Banner Performance, But Far from a Straight Line
The municipal bond market, as measured by the S&P National AMT-Free Municipal Bond Index, finished 2023 posting its strongest quarter in 14 years. Its 2023 annual return of 6.24% was its best full-year performance since 2019. While this was good news for many market participants, the path to get there was far from linear; 2023 presented many challenges for most fixed income asset classes, with central bank policy at the core. Municipal bond indices proved resilient throughout the volatility, with favorable technicals and strong fundamentals driving performance. As a new year begins, municipal bond indices may continue to be positioned to provide opportunities for 2024, both on a broad basis as well as across the curve.
Full Circle: How Did We Get Here?
The municipal bond market spent much of 2023 weathering the storm of interest rate volatility, as the U.S. Federal Reserve continued the most aggressive rate hiking cycle seen in over 40 years. While the year began with optimism, performance across the municipal bond suite struggled through mid-year 2023 as the Fed raised rates for the 11th time in 16 months to 5.25-5.50%, before pausing in September. The 10-year U.S. Treasury bond yield reached its peak in October, surpassing 5% for the first time in 16 years, at which time the S&P National AMT-Free Municipal Bond Index was down 2.13% YTD.

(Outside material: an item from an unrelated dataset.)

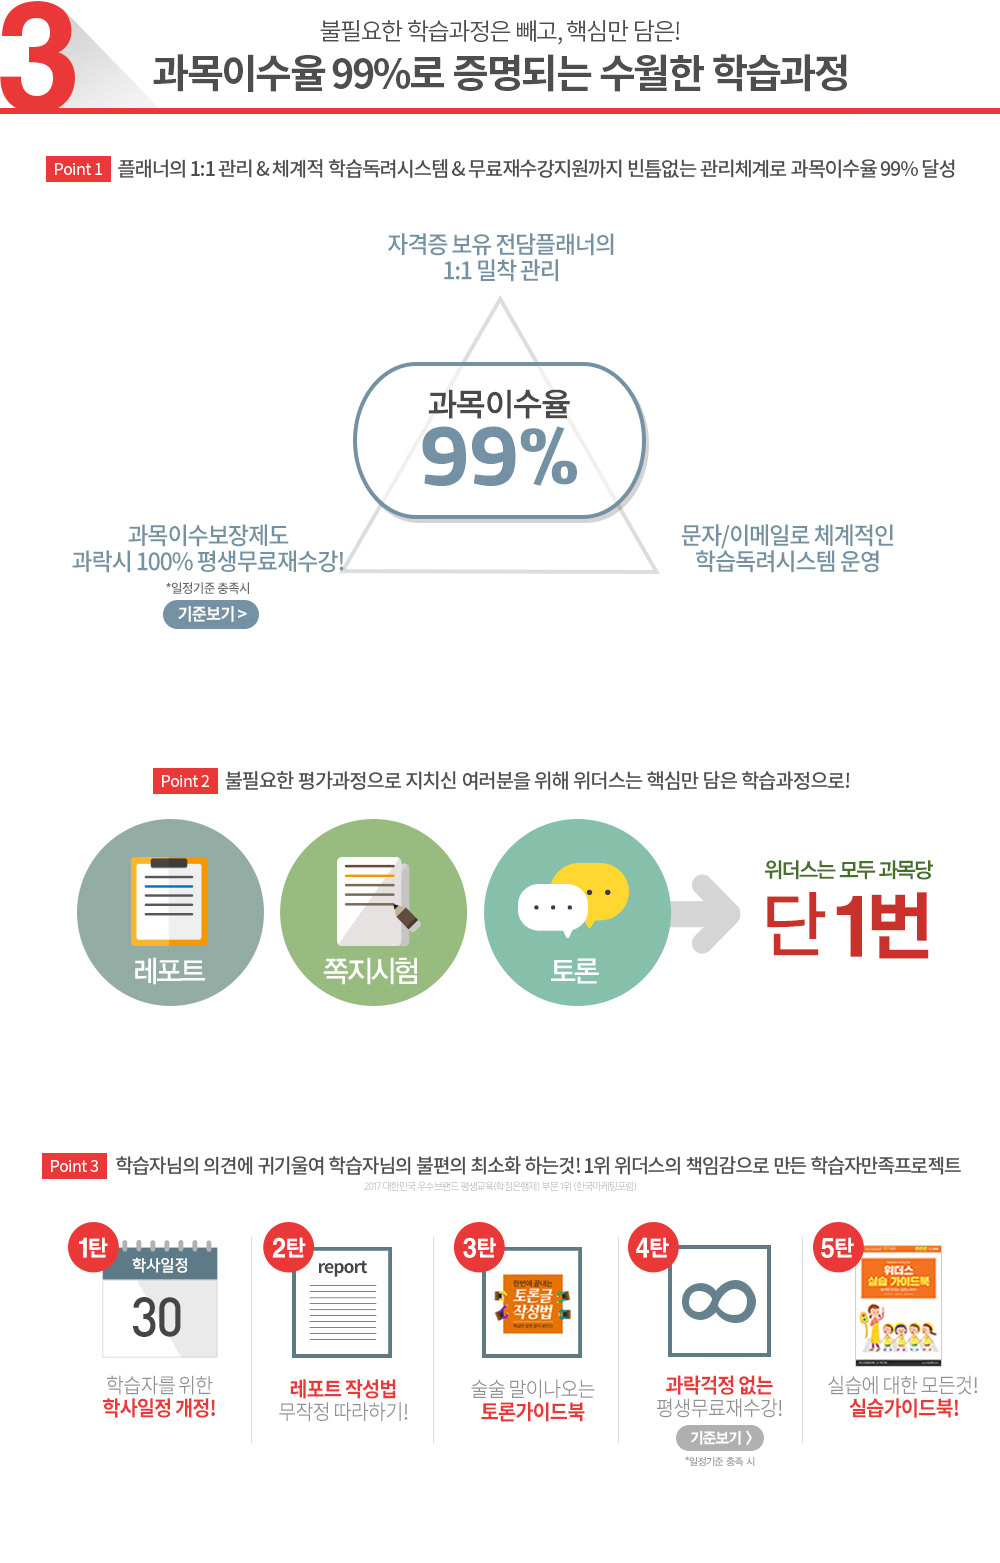 과목이수율99%로 증명되는 수월한 학습과정

The rest of the fourth quarter would see the rate narrative change sharply, as falling inflation and weaker-than-expected economic data coupled with the Fed pause increased market expectations for rate cuts in Q1 2024. The 10-year U.S. Treasury yield fell from its high and came full circle to end the year largely where it began, near 4%. Munis rallied in sympathy with Treasuries and the S&P National AMT-Free Municipal Bond Index posted a quarterly gain of 7.29%, its strongest single quarter since Q3 2009.